The Swedish authorities engaged Mc Kinsey & Company to help design a solution, and chose to establish two bad banks, Retriva and Securum.
Retriva took over all the nonperforming loans from Gota Bank and Securum took over the non-performing loans from Nordbanken, with the good bank operations continuing as Nordea.
A bank may accumulate a large portfolio of debts or other financial instruments which unexpectedly increase in risk, making it difficult for the bank to raise capital, for example through sales of bonds.
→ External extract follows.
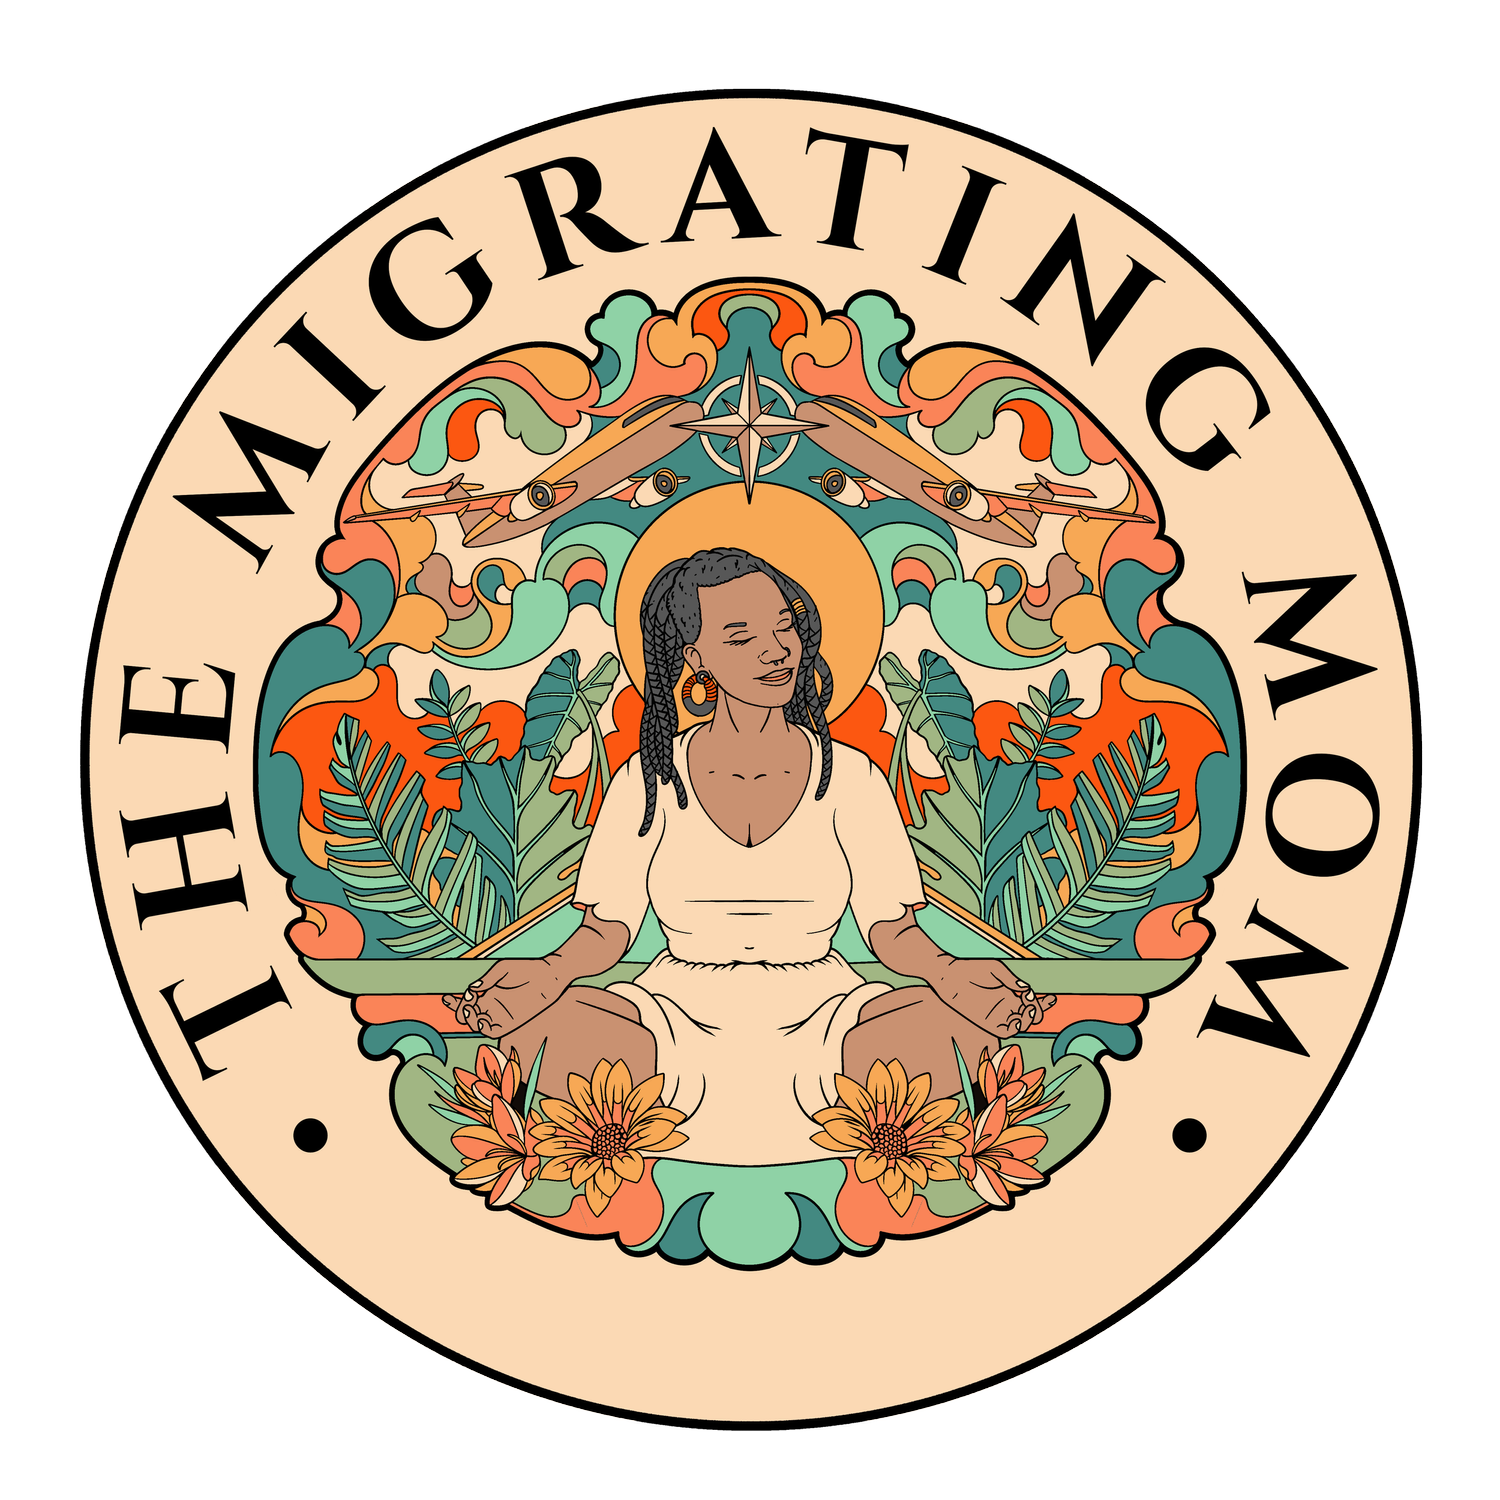 The Migrating Mom

The 2008–09 Belgian financial crisis is a major financial crisis that hit Belgium from mid-2008 onwards.The bad assets were left behind, effectively creating a bad bank with the original Parex Banka name and no retail depositors.The Parex "bad bank," its core retail functions stripped out by the 2010 split, gave up its banking licence in 2012 to become professional distressed asset management company Reverta.The goal of the segregation is to allow investors to assess the bank's financial health with greater certainty.A bad bank might be established by one bank or financial institution as part of a strategy to deal with a difficult financial situation, or by government or some other official institution as part of an official response to financial problems across a number of institutions in the financial sector.